L'assurance décès invalidité

Pas obligatoire. Contrairement aux idées reçues, l'assurance décès invalidité incapacitén'est pas obligatoire. Mais en pratique, contracter un crédit immobilier sans souscrire une telle garantie est mission impossible ! En effet, son rôle est de protéger la banque en prenant en charge le remboursement du capital restant, si l'emprunteur venait à mourir ou était frappé d'invalidité (reconnue par la Sécurité sociale comme définitive et permanente).

Emprunter à deux. Quand on achète en couple, l'assurance décès/invalidité peut être répartie sur les deux têtes. Explications. Vous pouvez par exemple assurer Madame à hauteur de 40 % et Monsieur à hauteur de 60 %. Si Madame décède, Monsieur ne remboursera que 60 % de la mensualité. Si Monsieur décède, Madame ne remboursera que 40 % de la mensualité. Une solution plus économique que d'assurer les deux têtes à 100 %, tout en préservant l'équilibre financier de la personne vivante restante.

L'assurance perte d'emploi

Facultative. L'assurance perte d'emploi, comme son nom l'indique, assure la prise en charge de vos mensualités, en totalité ou en partie, lorsque vous perdez votre travail. Elle ne vous sera proposée que si vous êtes salarié. Onéreuse et soumise à de très nombreuses restrictions (elle n'entre pas en action si vous démissionnez, si vous êtes licencié pour faute grave...), l'assurance perte d'emploi est peu plébiscitée par les emprunteurs. Toutefois, en période de crise économique et sociale, il convient d'en étudier scrupuleusement les garanties !

Et la « délégation d'assurance » ?

Choisir son assurance. Depuis le 1er septembre 2010, conformément à la loi dite « Lagarde », l’emprunteur a la possibilité de choisir entre l’assurance de la banque (le contrat groupe) ou un autre contrat de son choix (la délégation d’assurance). Cette mesure a été prise afin de permettre aux particuliers de trouver une assurance moins chère ou mieux adaptée à son profil.

Des garanties équivalentes.

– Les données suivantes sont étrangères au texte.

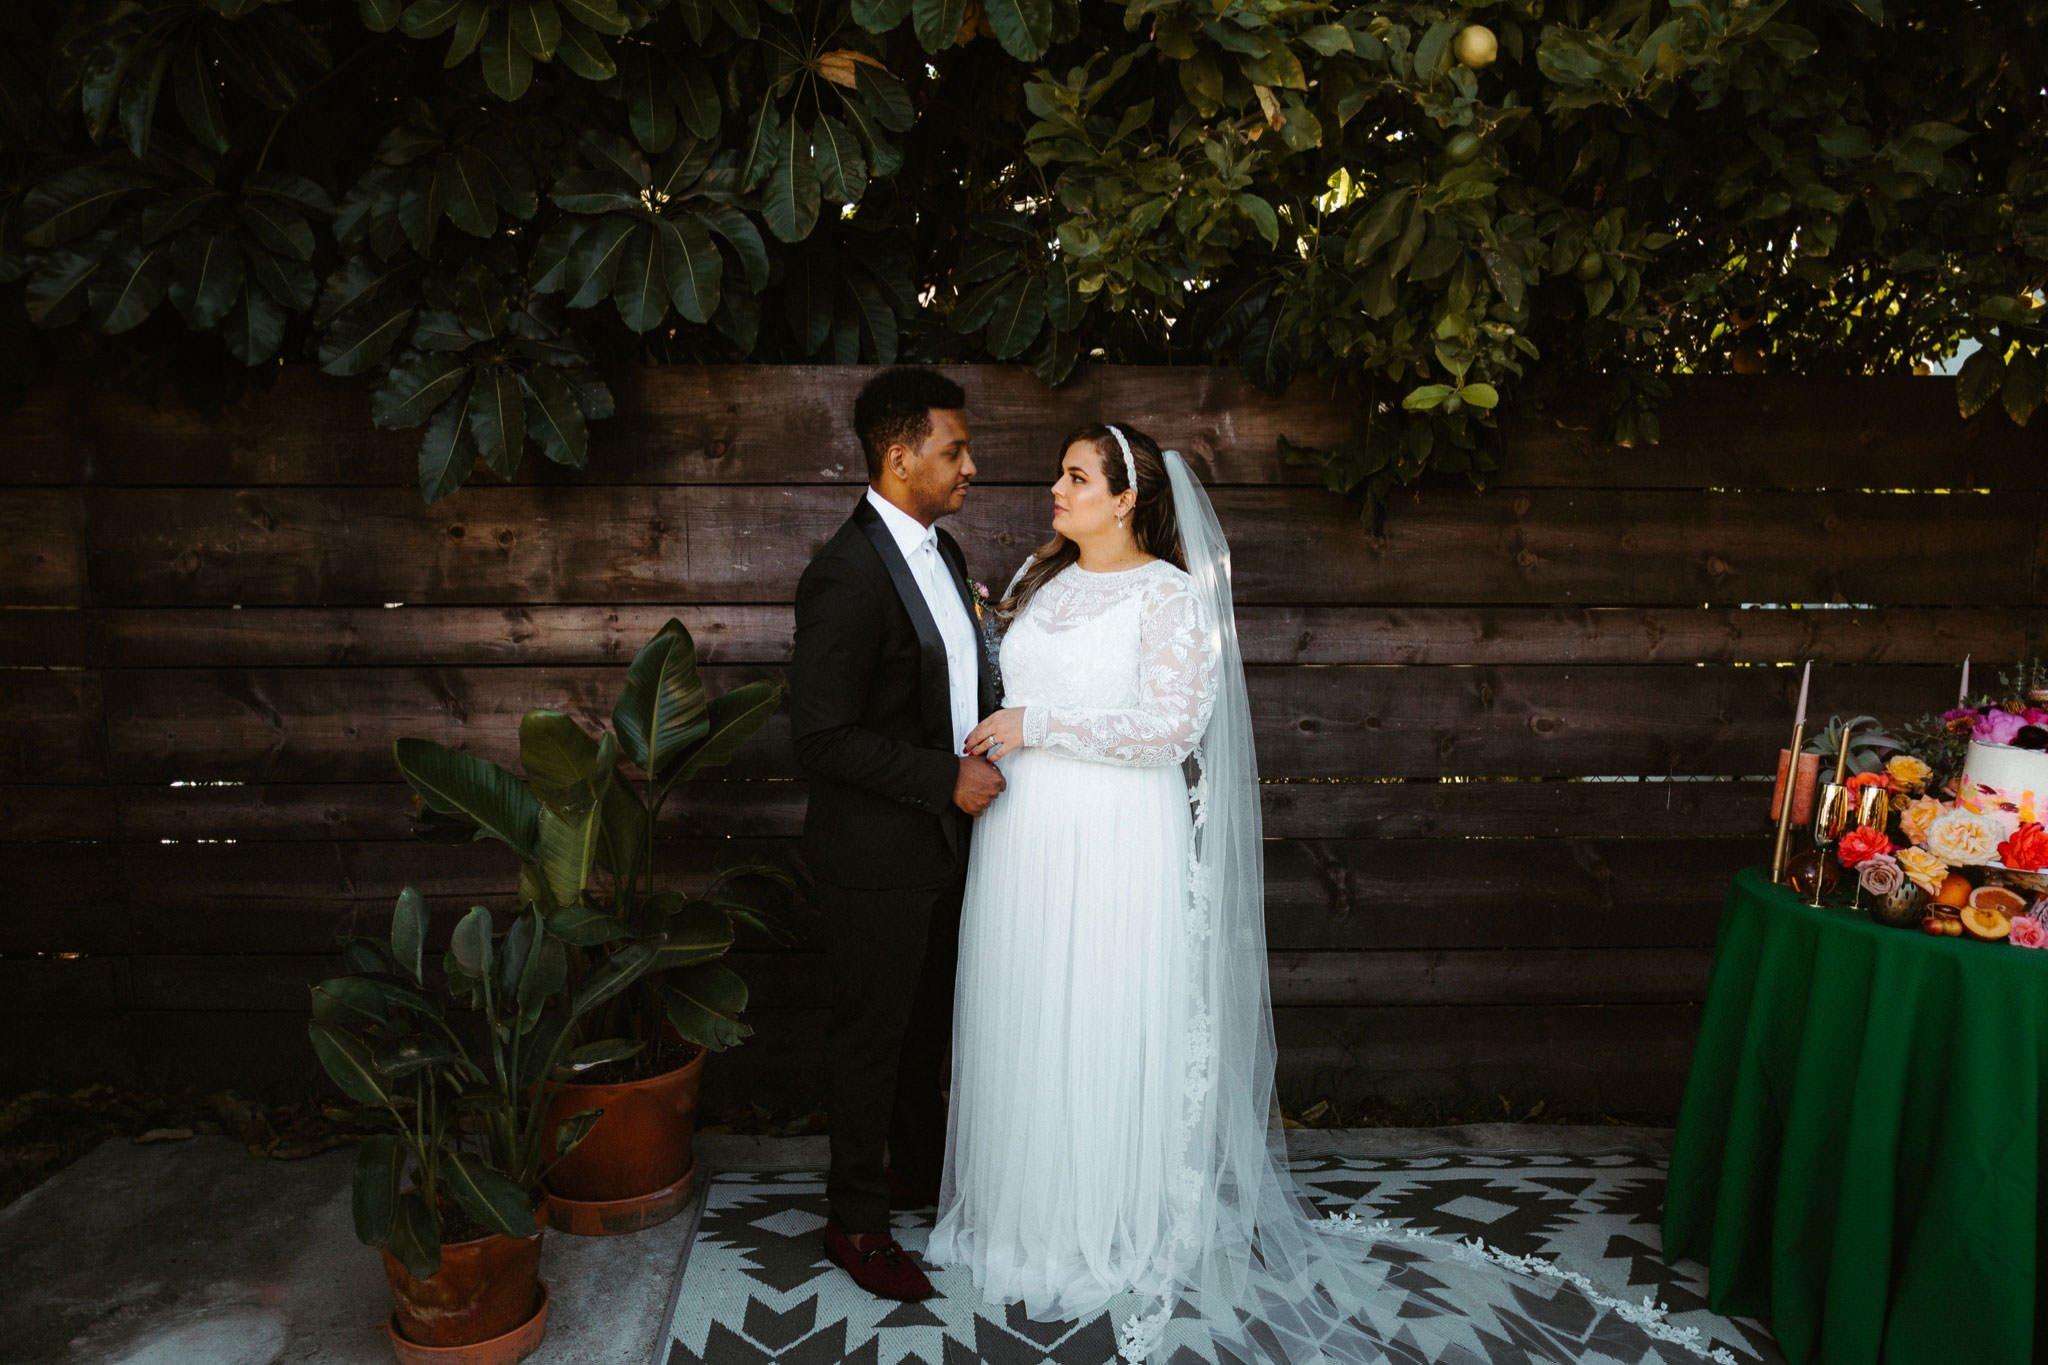 la elopement photos 075
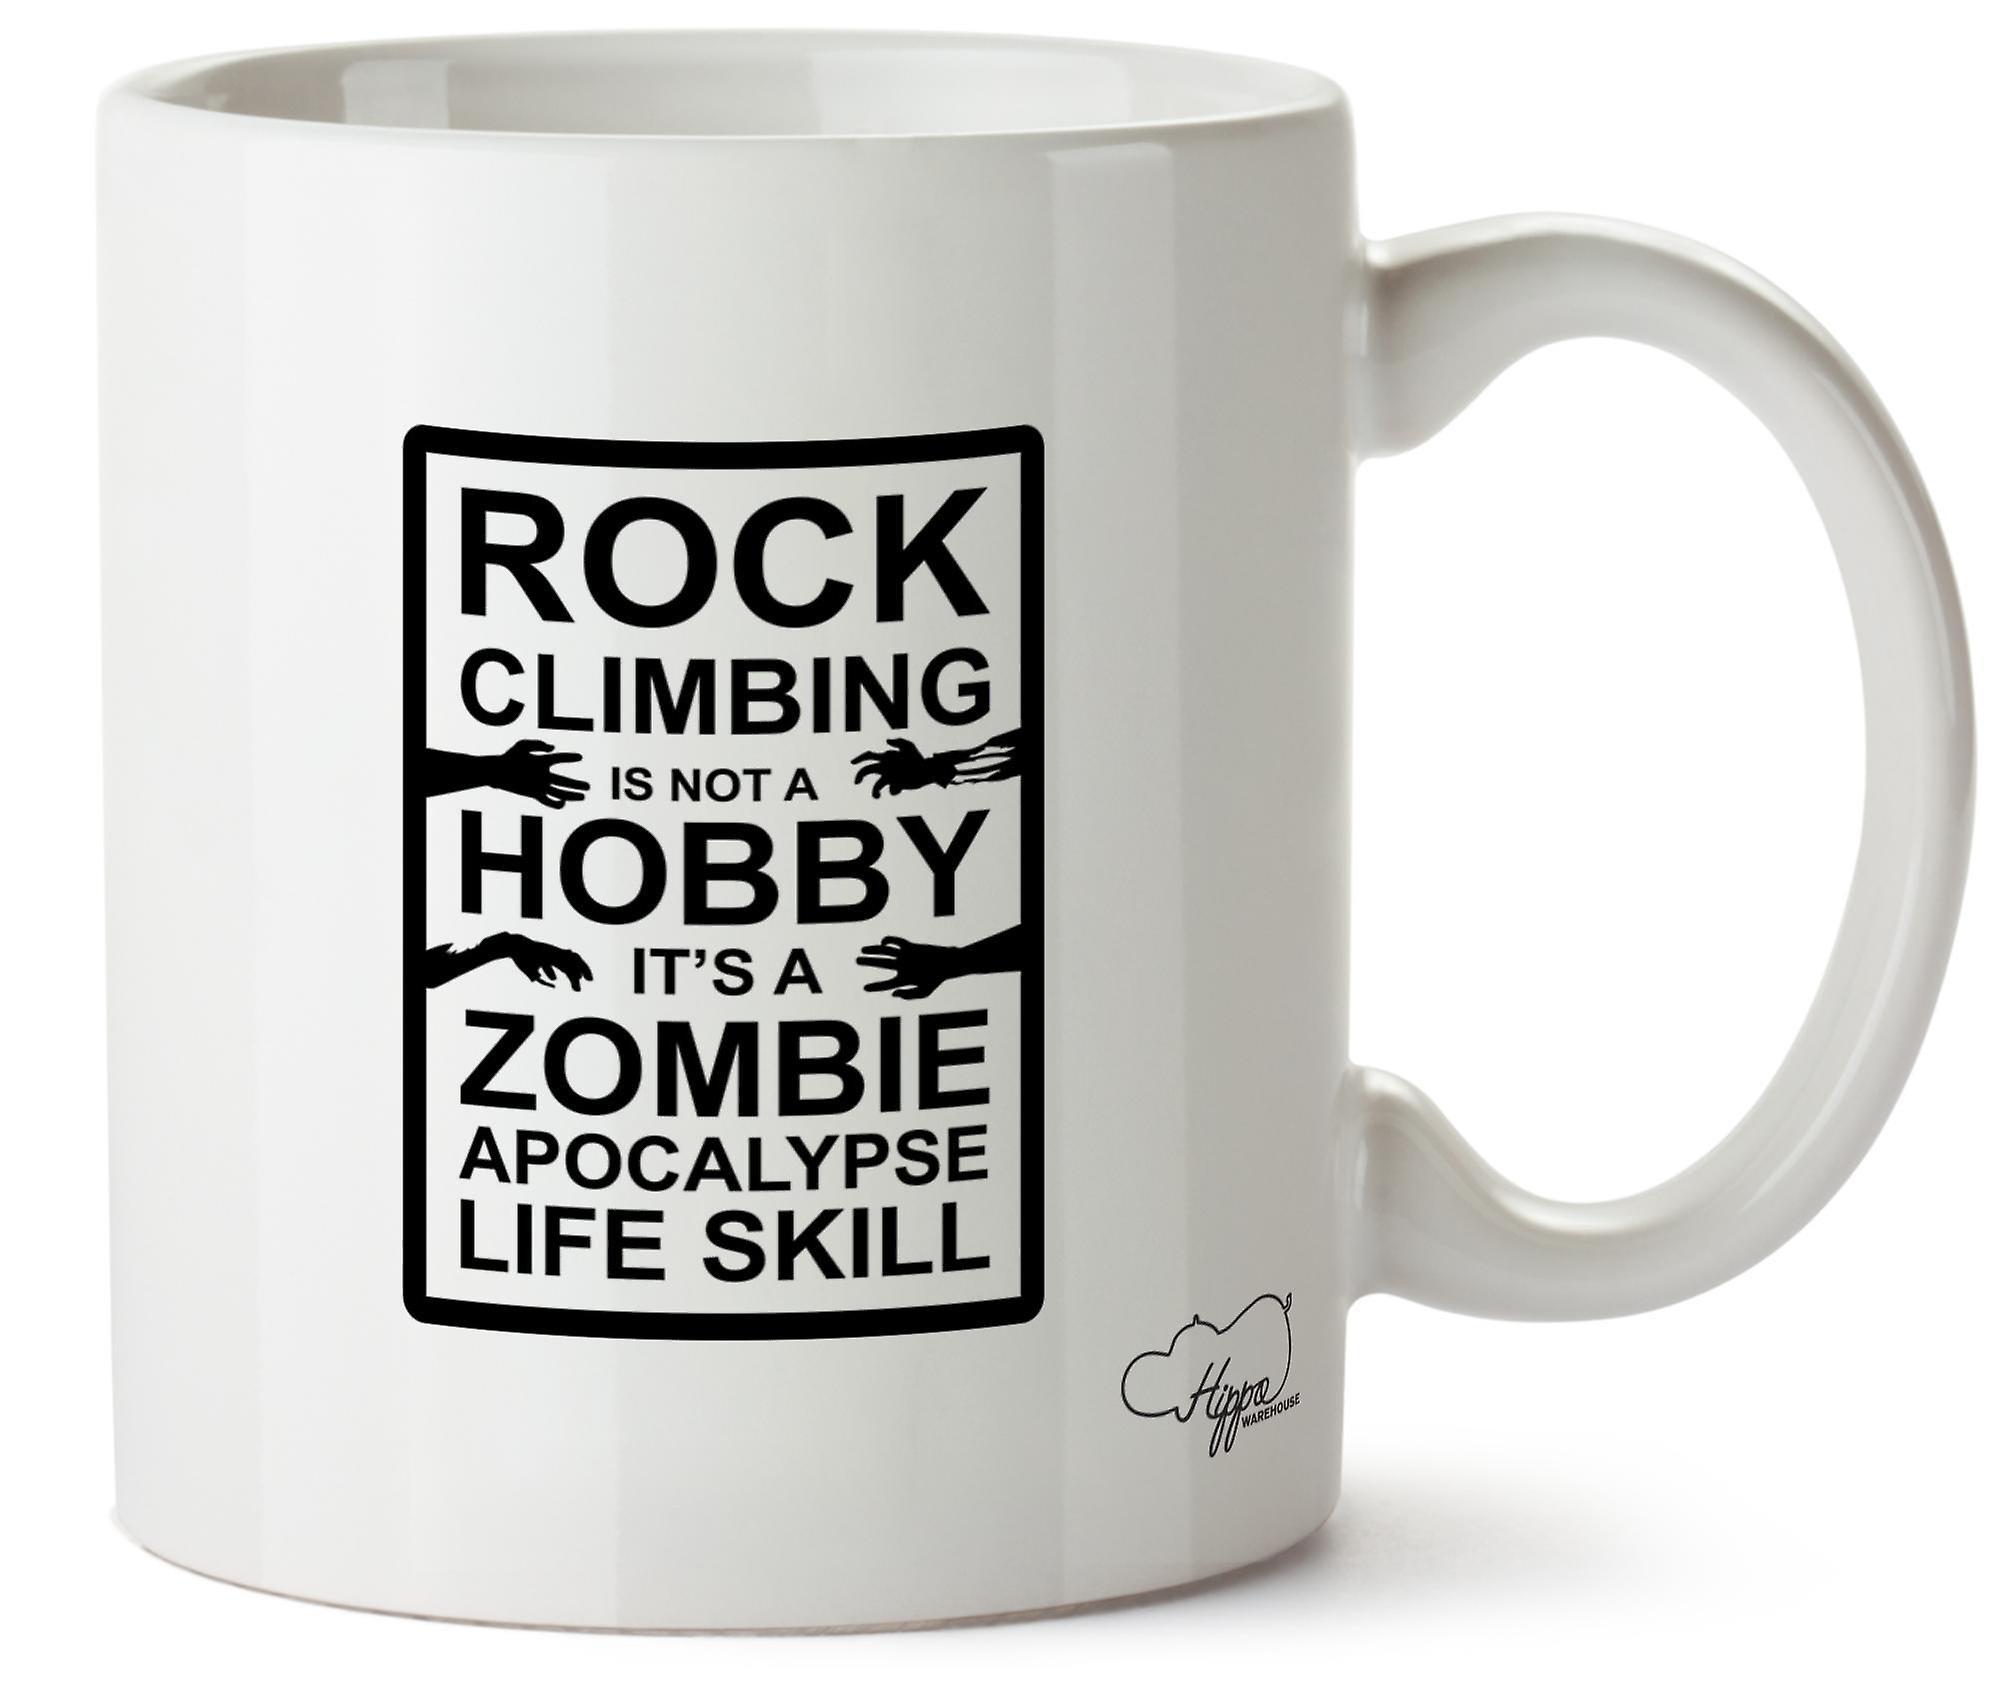 Hippowarehouse рок ClimbingIt и не HobbyIt в жизни навык Апокалипсис зомби печатных Кубка керамическая кружка 10oz

Mais attention, il faut que les clauses offrent un niveau de garantie équivalent à celles du contrat d'assurance de groupe proposé par la banque. Par ailleurs, la banque ne pourra pas modifier les conditions et le taux du prêt prévus dans son offre sous prétexte que l’emprunteur a opté pour une assurance différente.

Toutefois, toutes ces dispositions n’ont pas eu l’effet escompté. Le recours à la délégation d’assurance est resté marginal. Depuis le 26 juillet 2014, la loi Hamon est venue renforcer ce dispositif. Il est désormais possible pour l’emprunteur de résilier son contrat d’assurance de prêt au moment où il le souhaite, mais seulement pendant une durée d'un an. Le délai court à la signature du contrat. Cela laisse largement le temps de trouver une meilleure offre d’assurance. Et en 2016, la loi Sapin 2 va encore plus loin en permettant aux emprunteurs de résilier leur assurance tous les ans.